Brief:
Starting at the top of the records below, write out each line exactly as it stands, stopping after the line with "Christian Dior Diorcamp Rubber Boots"; exclude the pictures.

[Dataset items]
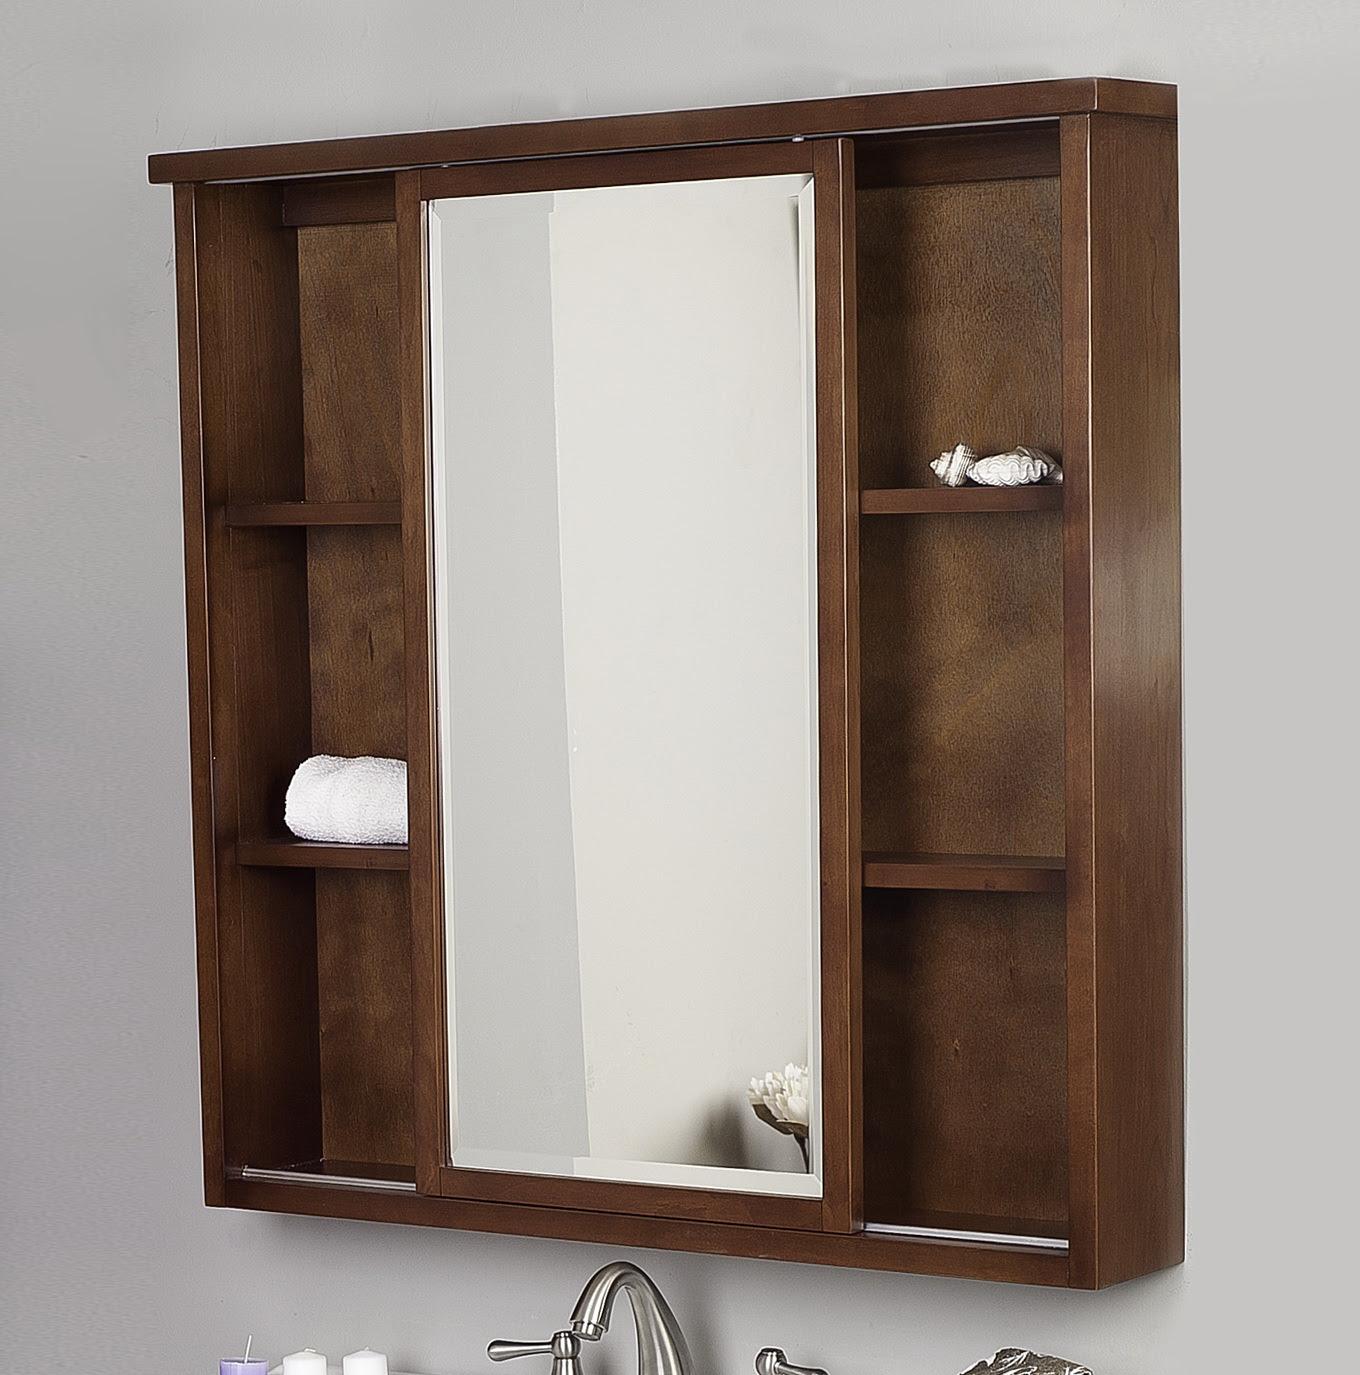 Kohler Mirrored Medicine Cabinet Lowe U002639 S Canada Living Room Decoration Ideas
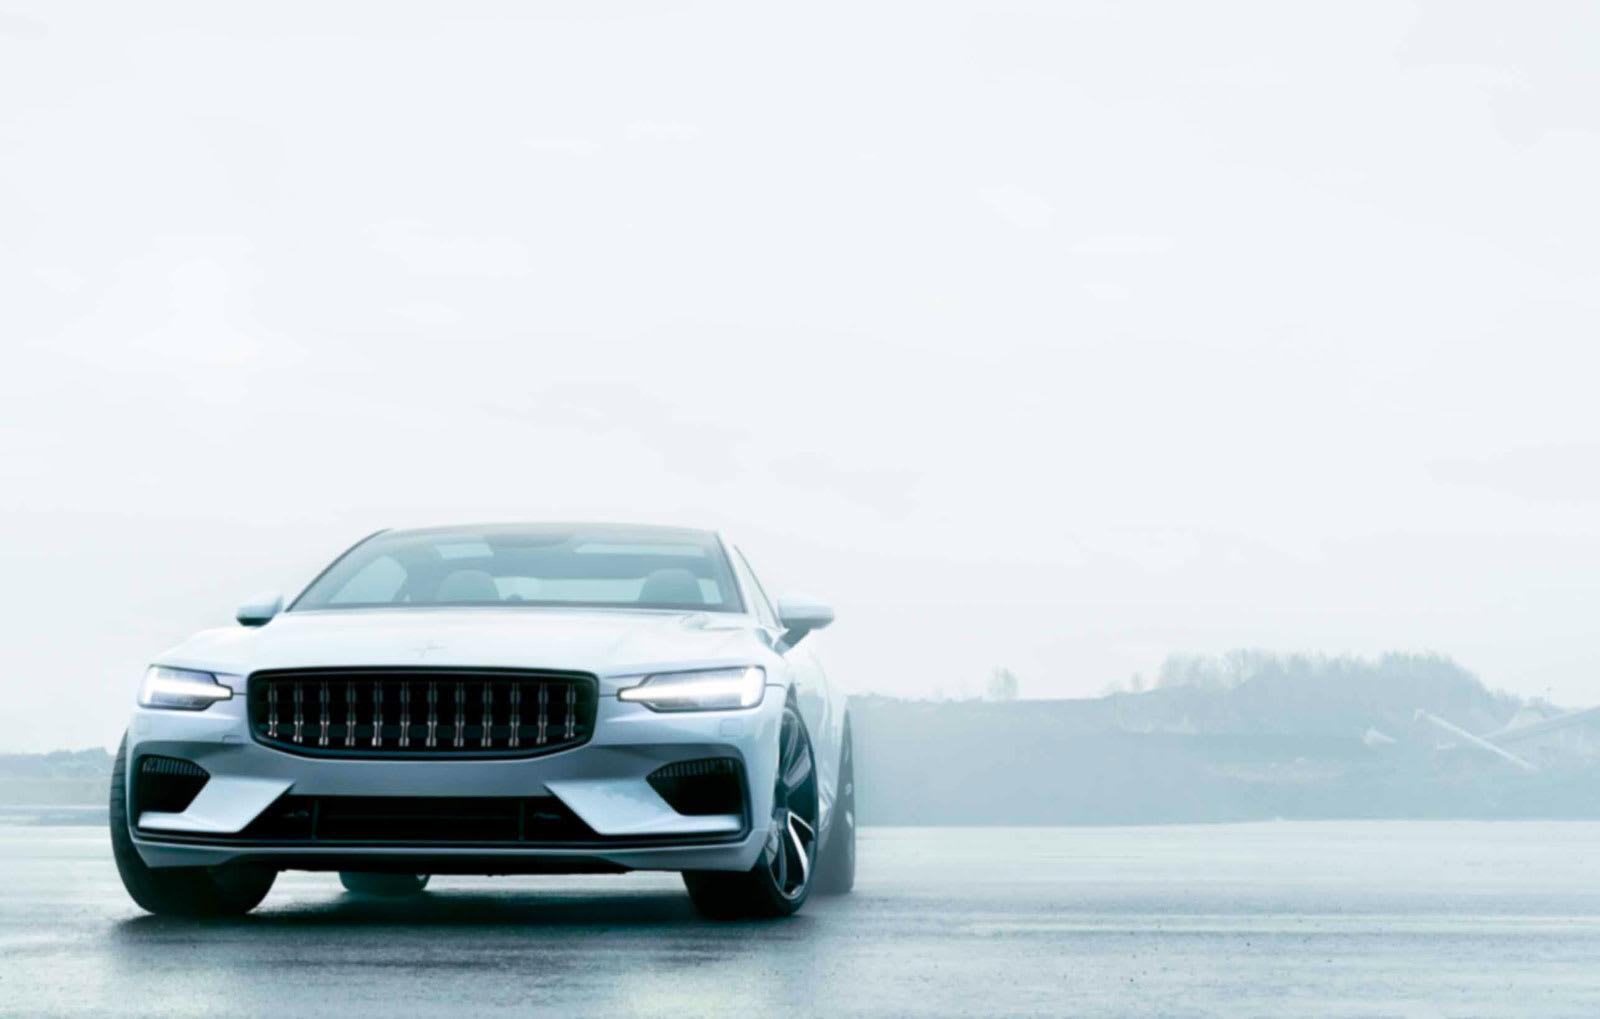 Volvo S Polestar 1 Luxury Hybrid Will Cost 155 000
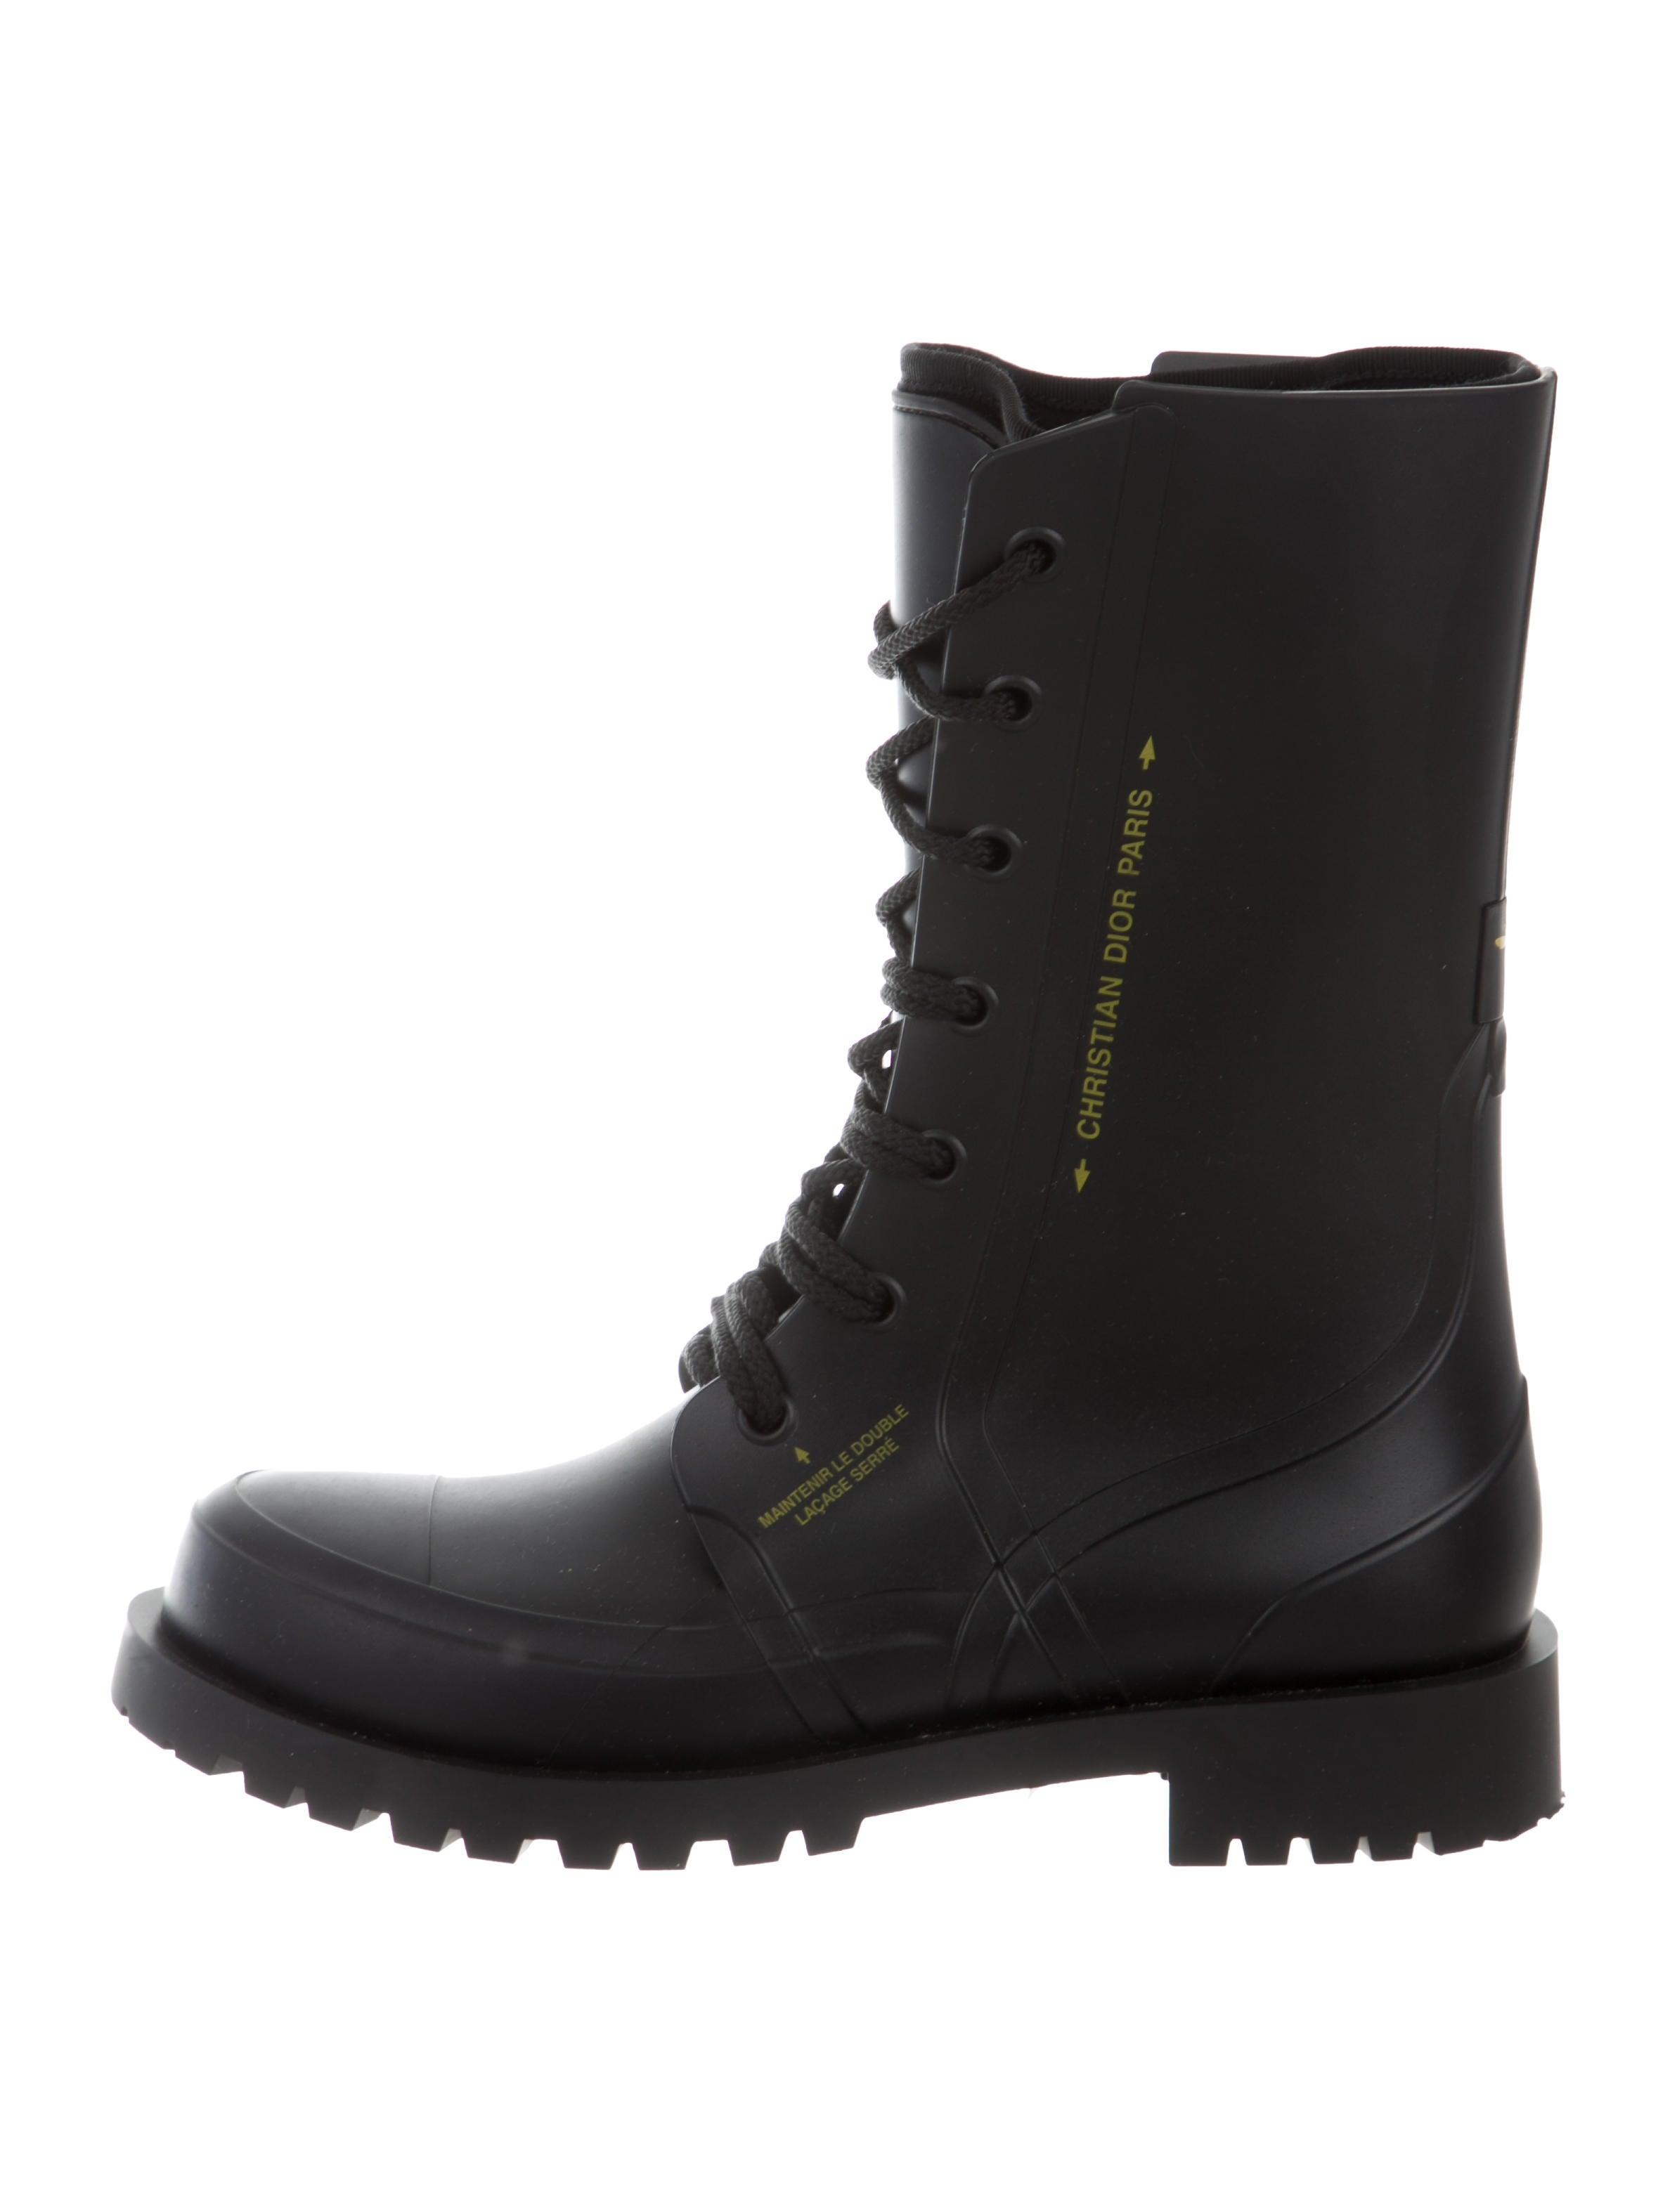 Christian Dior Diorcamp Rubber Boots
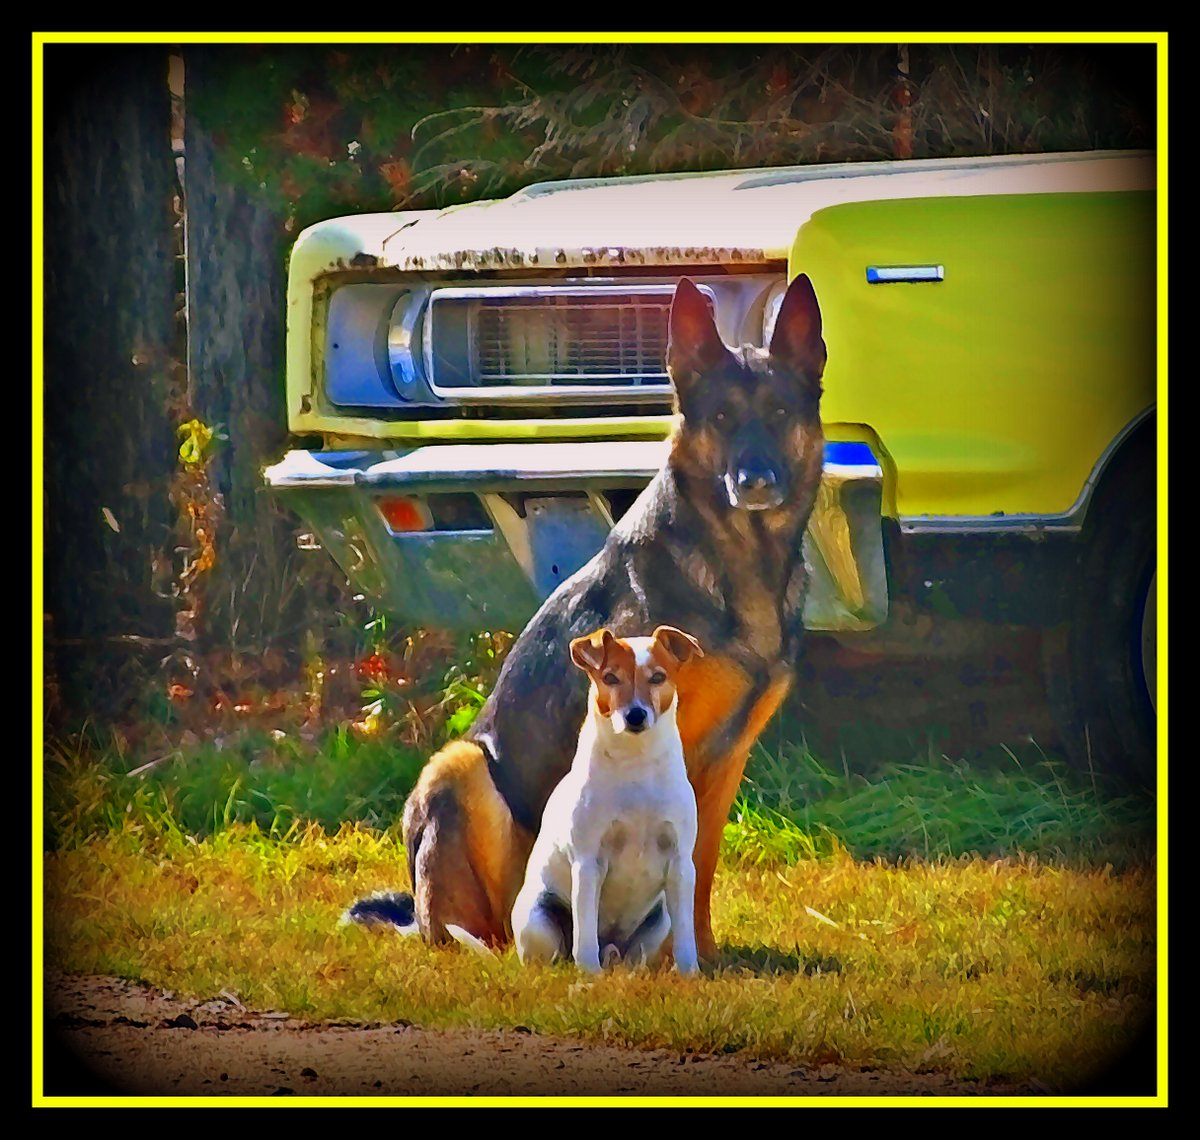 """Frankie Wanted a Portrait"" - Watercolor - along the Dawson Trail in La Coulee, Manitoba #doggos #dogs #DawsonTrail #DawsonRoad #LaCoulee #SteAnneRM #Manitoba #Southeast #Eastman #Fall2020 #Autumn2020  #October2020 #Watercolor #watercolorart #photoart #car #Rambler #Rebel #retro https://t.co/SrcllCVGtA"
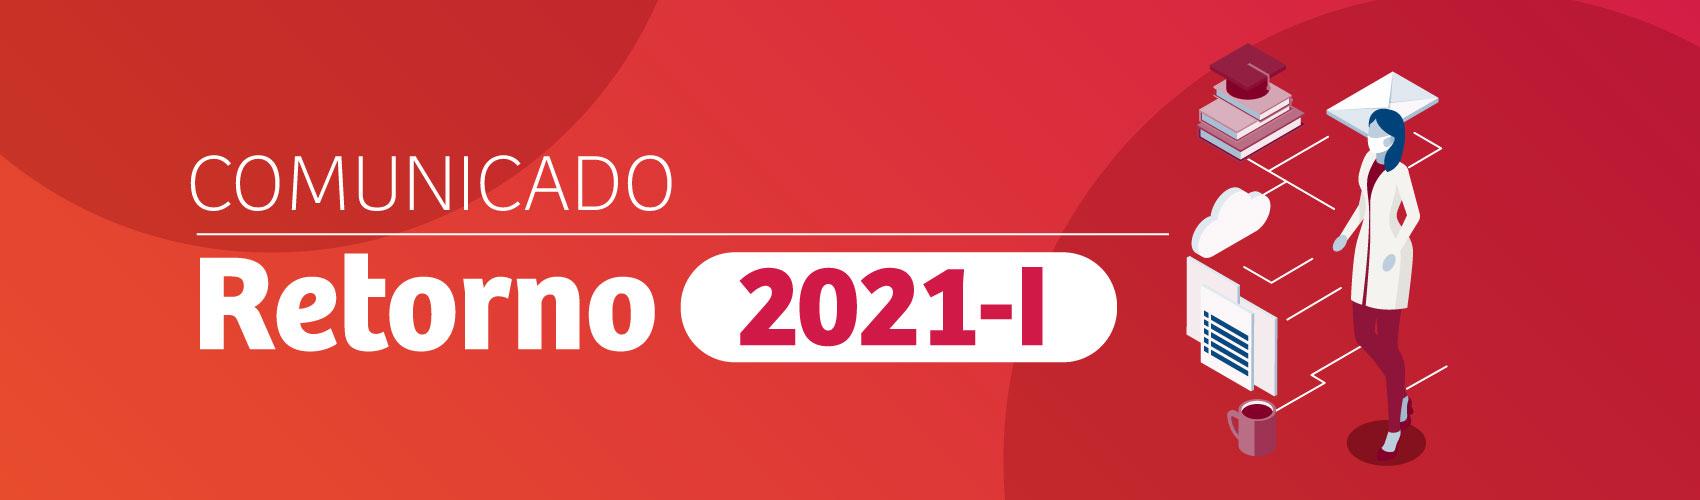 header-retorno-2021-pt2-upc

Result of the exercise:
 Kohler Mirrored Medicine Cabinet Lowe U002639 S Canada Living Room Decoration Ideas
 Volvo S Polestar 1 Luxury Hybrid Will Cost 155 000
 Christian Dior Diorcamp Rubber Boots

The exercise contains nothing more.